Participant shall be solely responsible for Participant’s costs related to such a determination, including
any 409A Penalties.

 

10.
General Provisions.

 

(a)
Power and Authority. Participant hereby represents to the Company that

 

(i)
Participant has full power and authority and legal capacity to enter into, execute and deliver this Agreement and to perform fully
Participant’s obligations hereunder, (ii) the execution, delivery and performance of this Agreement by Participant
does not conflict with, constitute a breach of or violate any arrangement, understanding or agreement to which Participant is
a party or by which Participant is bound, and (iii) this Agreement has been duly and validly executed and delivered by Participant
and constitutes the legal, valid and binding obligation of Participant, enforceable against Participant in accordance with its
terms.

 

(b) Survival.
The representations, warranties, covenants and agreements made in or pursuant to this Agreement shall survive the execution
and delivery hereof and shall not be affected by any investigation made by or on behalf of any party hereto.

 

(c)
Governing Law.

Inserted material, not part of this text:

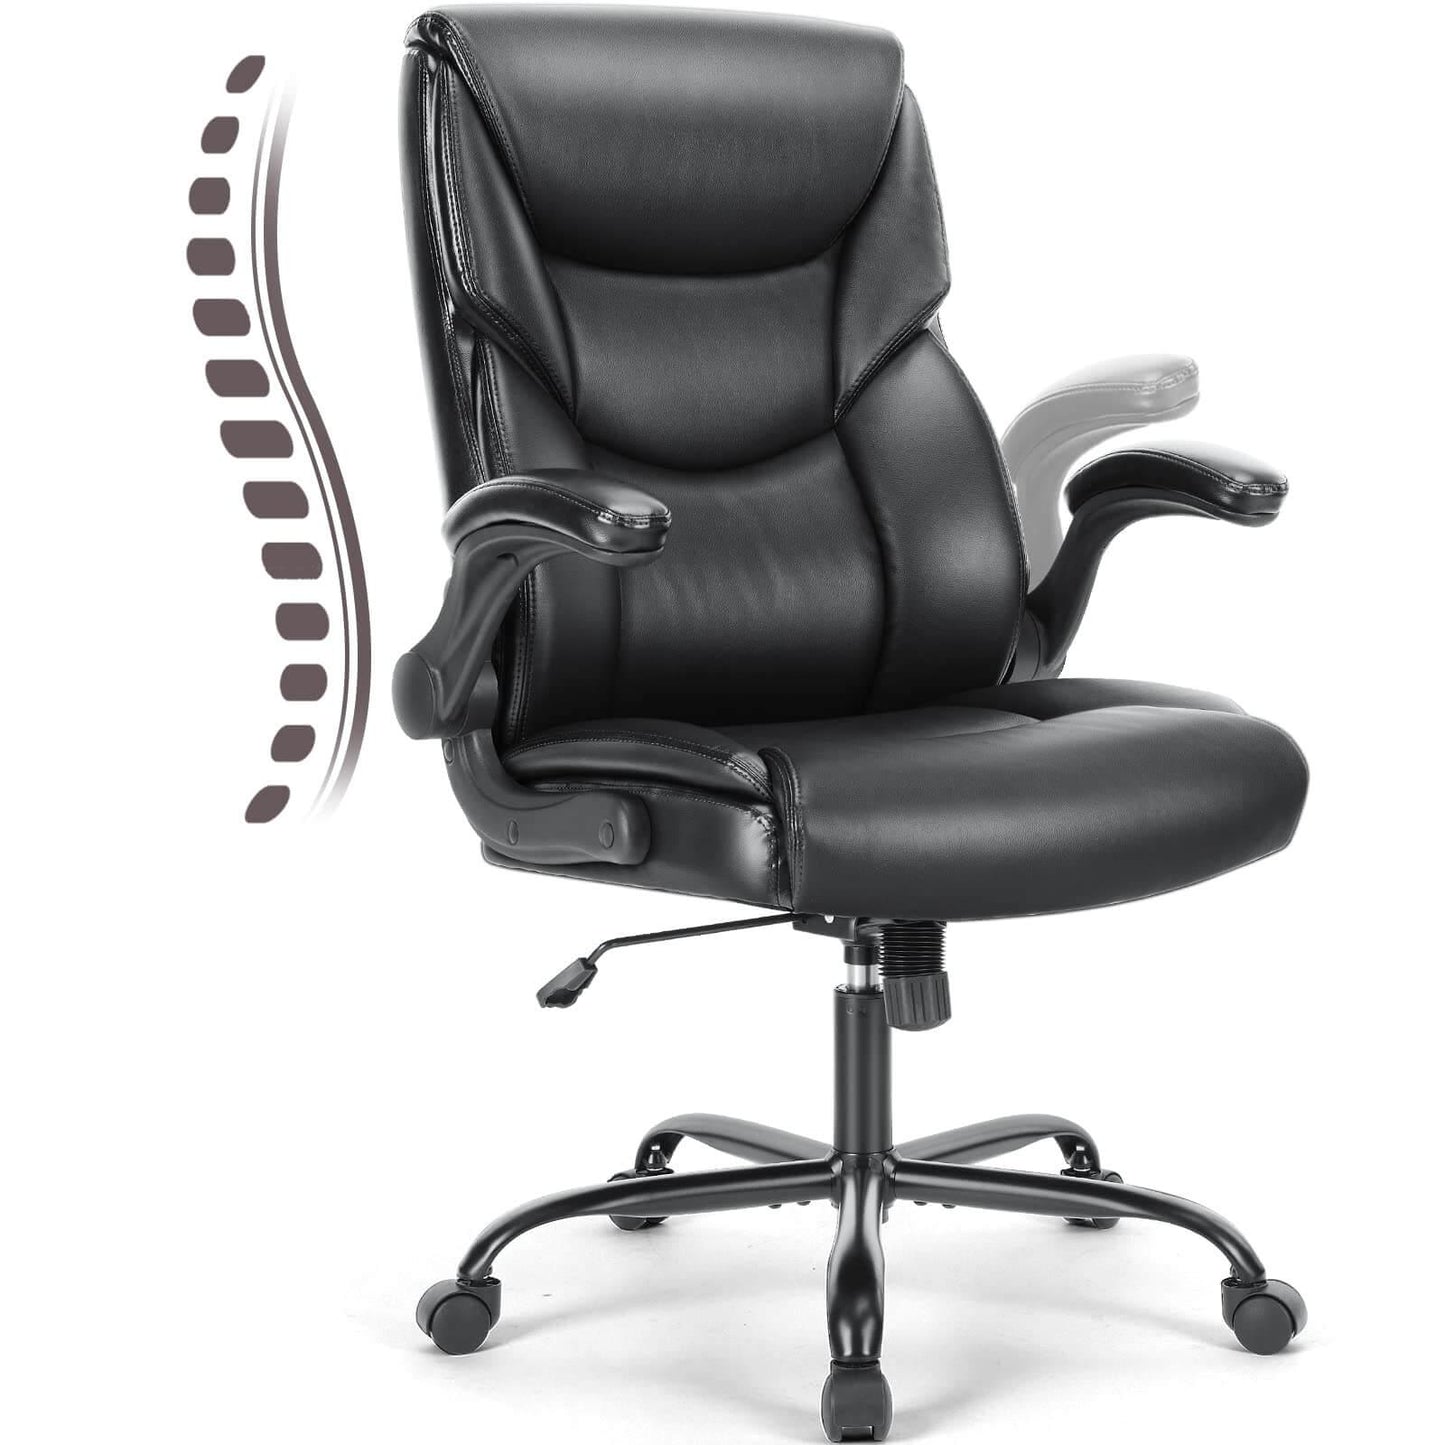 Tall Executive Office Chair with High Back and Wide Seat
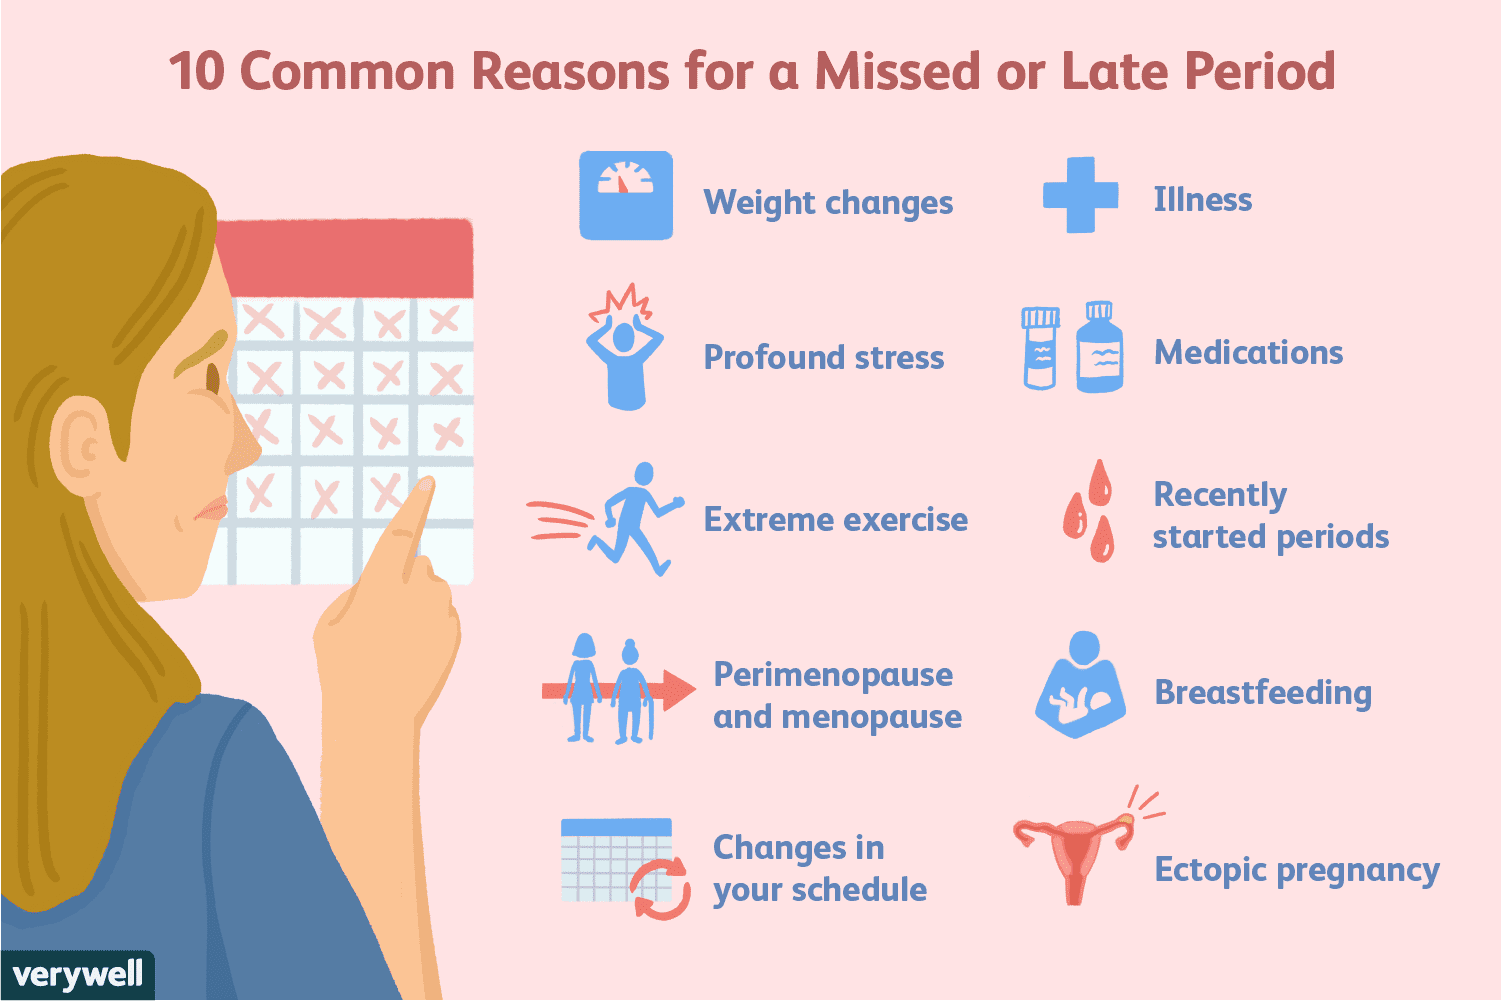 How Many Days Can Exercise Delay Your Period

This Agreement shall be governed by and construed in accordance with the laws of the State
of California without regard to conflict-of-law principles.

 

(d) Entire
Agreement. This Agreement, together with the attached Exhibits, sets forth the entire agreement
and understanding between the parties hereto relating to the subject matter hereof and supersedes all prior and
contemporaneous understandings, agreements, discussions, representations and warranties, both written and oral, between the
parties hereto, including any representations made during any interviews or relocation negotiations, with respect to such
subject matter. In the event of a conflict between the terms and conditions of the Plan and this Agreement, the terms and
conditions of the Plan shall prevail.

 

(e)
Notices. All notices or other communications required or permitted hereunder shall be in writing and shall
be deemed given or delivered (i) when delivered personally, (ii) one business day after being deposited with an overnight courier
service (costs prepaid), (iii) when sent by facsimile or e-mail if sent during normal business hours and on the next business
day if sent after normal business hours, in each case with confirmation of transmission by the transmitting equipment, or (iv)
when received or rejected by the addressee, if sent by certified mail, return receipt requested, postage prepaid, in each case
to the addresses, facsimile numbers or e-mail addresses and marked to the attention of the persons designated (by name or title)
on the signature page hereto, as applicable, or to such other address, facsimile number, e-mail address or person as such party
may designate by a notice delivered to the other party hereto.

 

(f)
Successors and Assigns; Transfers. The Company may assign this Agreement, and its rights and obligations
hereunder, in whole or in part, to any successor or assign (whether direct or indirect, by purchase, merger, consolidation, sale
of assets or stock or otherwise). Except as set forth herein, (x) neither this Agreement nor any rights, duties and obligations
hereunder shall be assigned, transferred, delegated or sublicensed by Participant without the Company’s prior
written consent and (y) any attempt by Participant to assign, transfer, delegate or sublicense this Agreement or any rights, duties
or obligations hereunder, without the Company’s prior written consent, shall be void. Subject to any restrictions
on transfer set forth herein, this Agreement shall be binding upon, and enforceable against, (i) the Company and its successors
and assigns and (ii) Participant and his or her heirs, executors, successors, assigns, administrators and other legal representatives.
Except as set forth herein, any transfer in violation of any restriction upon transfer contained in any provision hereof shall
be void, unless such restriction is waived in accordance with the terms hereof.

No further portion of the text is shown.